- Directed by: Konstantin Buslov
- Written by: Denis Rodimin Yulia Idlis
- Produced by: Alexander Rodnyansky Sergei Melkumov
- Starring: Konstantin Khabensky Svetlana Khodchenkova Denis Shvedov
- Cinematography: Sergei Machilsky
- Production company: Non-Stop Production
- Distributed by: 20th Century Fox
- Release date: 10 April 2014;
- Running time: 90 minutes
- Country: Russia
- Language: Russian

= The Adventurers (2014 film) =

The Adventurers (Авантюристы) is a 2014 Russian adventure film directed by Konstantin Buslov.

The film's plot bears strong similarity to the 1967 film The Last Adventure.

==Plot==
Katya and Andrey arrive in Malta on the eve of their wedding and they coincidentally encounter Max in a diving center, a scuba diver and Katya's former fiancé. Max suggests that they all begin diving together. During one of the dives, Katya finds a fragment of a life jacket with the number of a German submarine from the time of the Second World War.
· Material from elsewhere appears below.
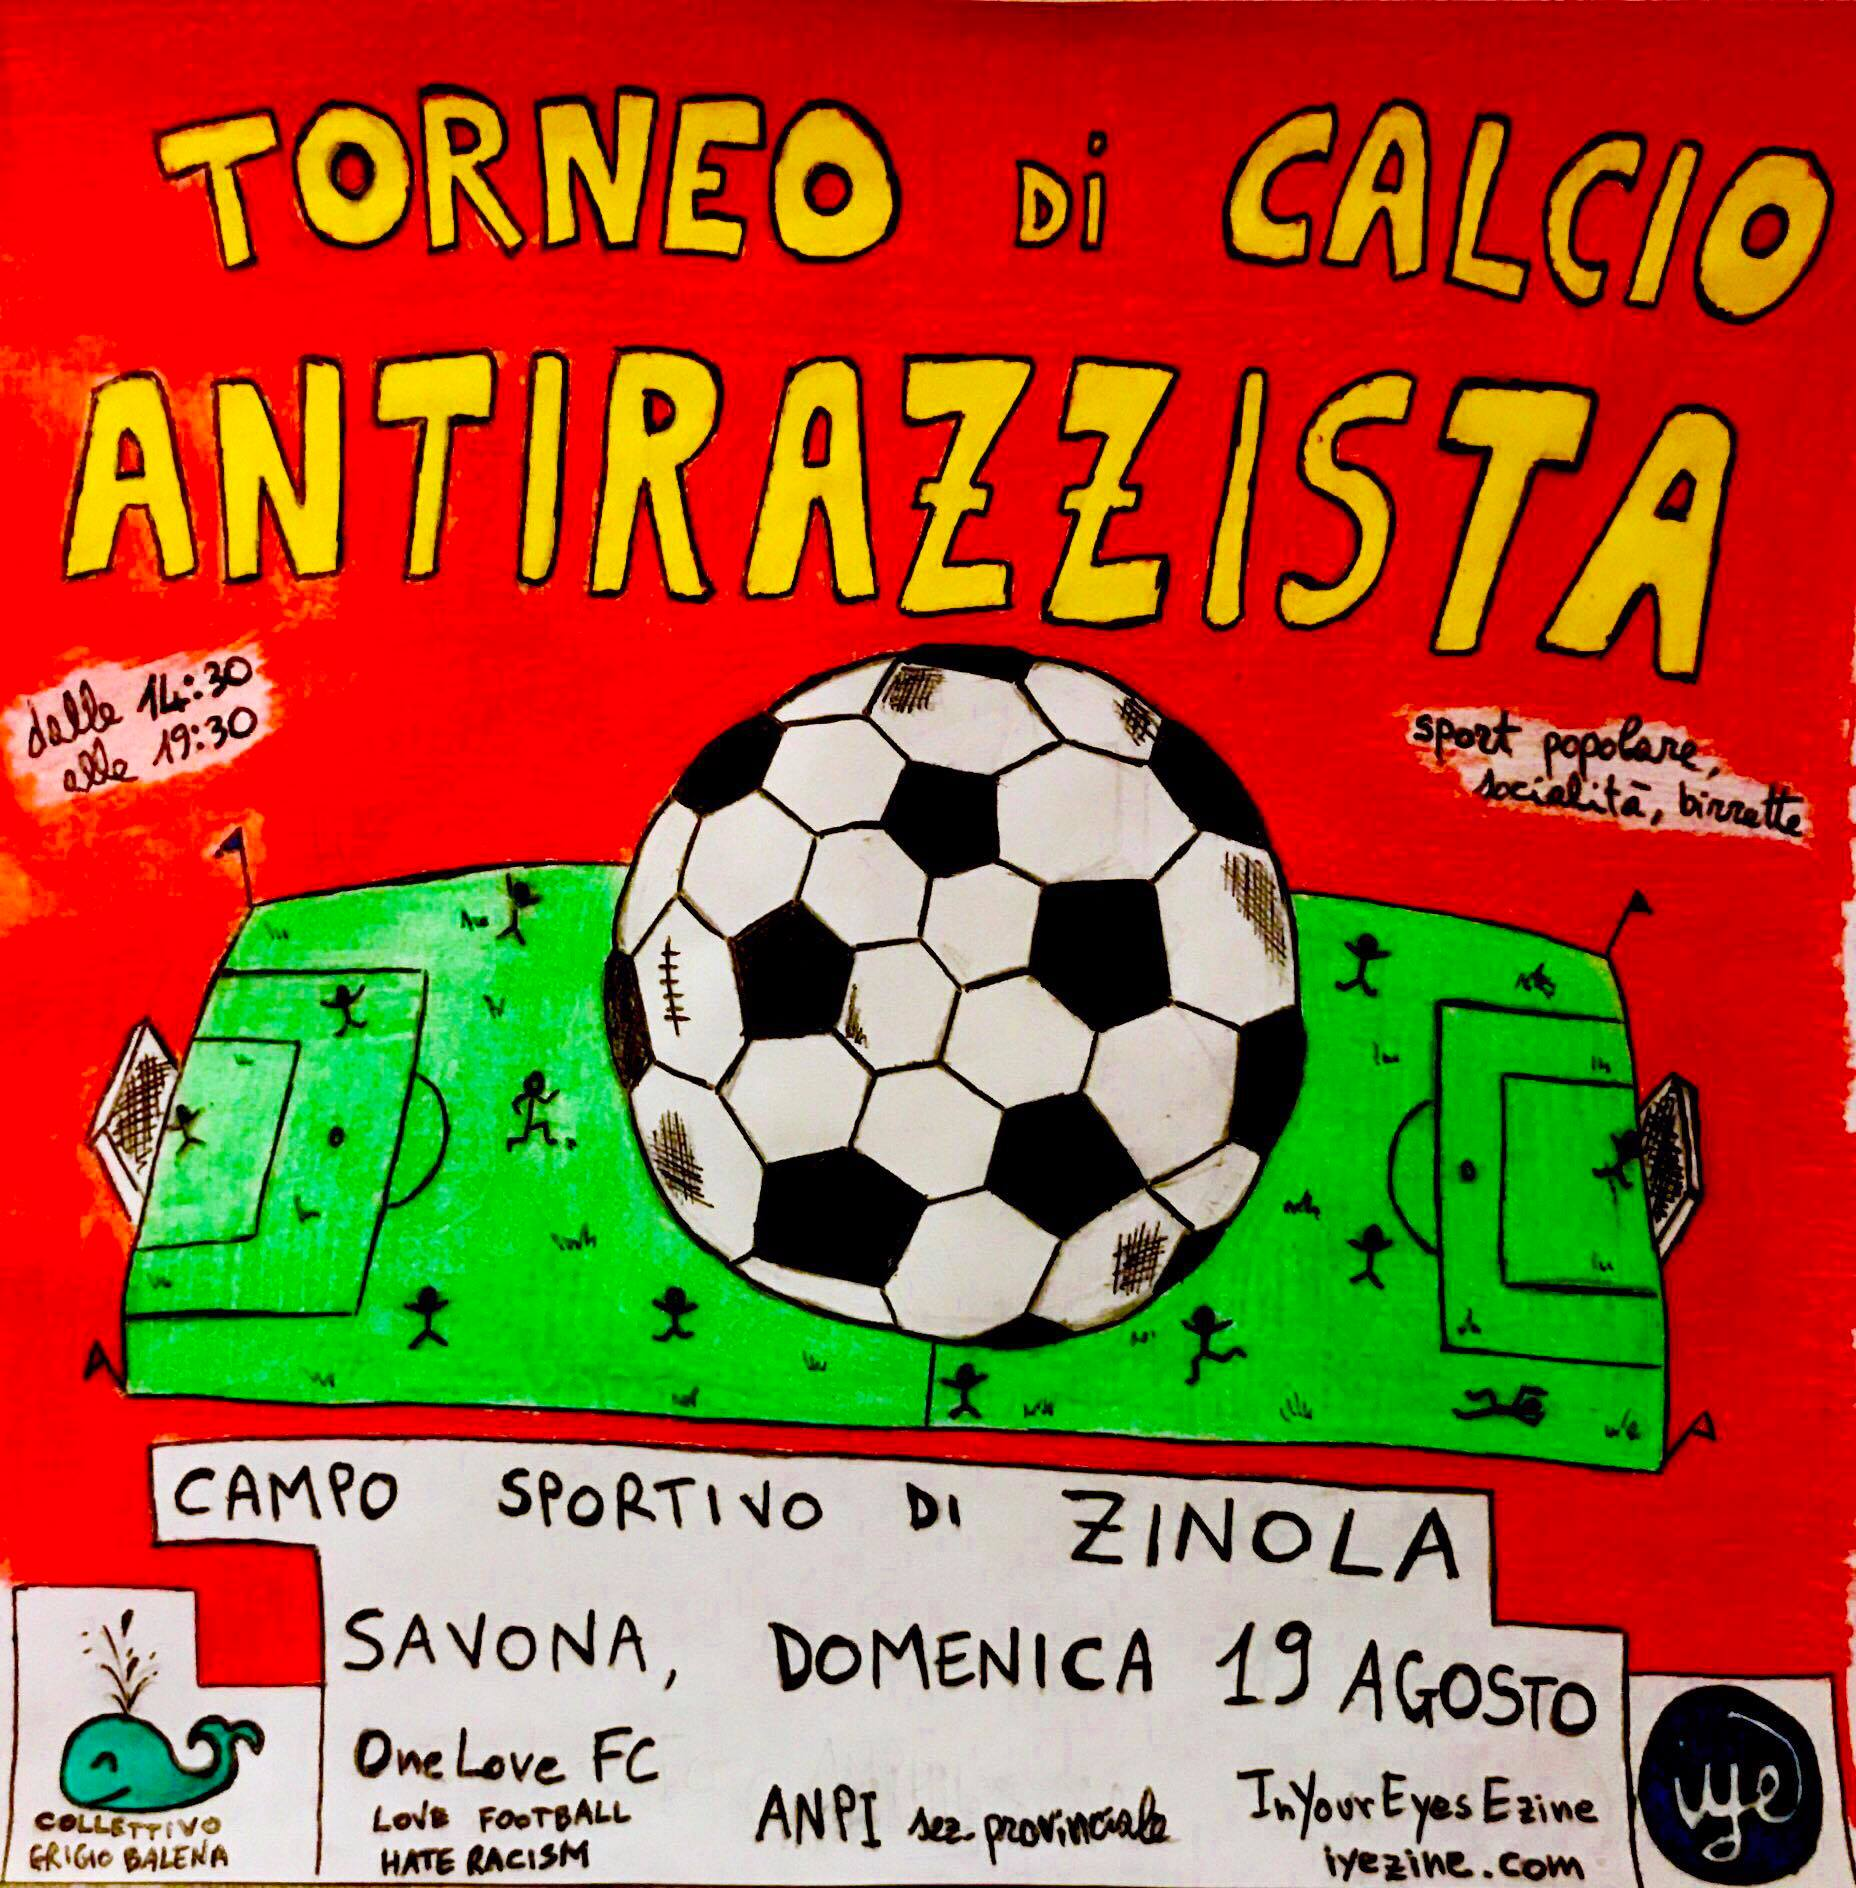 Torneo di Calcio Antirazzista a Savona 2018 1 - fanzine

After investigating, the guys find out that in 1942, members of the SS stole ancient Egyptian relics from the Maltese Order of Hospitallers, which should have been delivered to Germany. However the treasures failed to reach their destination. They decide that the drowned submarine must be somewhere around the Maltese beaches. Katya, Andrei and Max become immersed in the quest for treasure and a love triangle develops between them.

==Cast==
- Konstantin Khabensky as Max
- Svetlana Khodchenkova as Katya
- Denis Shvedov as Andrei

==Production==
The picture was shot on location in Malta.

Svetlana Khodchenkova took courses on diving before the film. Konstantin Khabensky did scuba diving for many years.

During one scene Khabensky's gas cylinder was not filled with air which caused the actor to almost drown.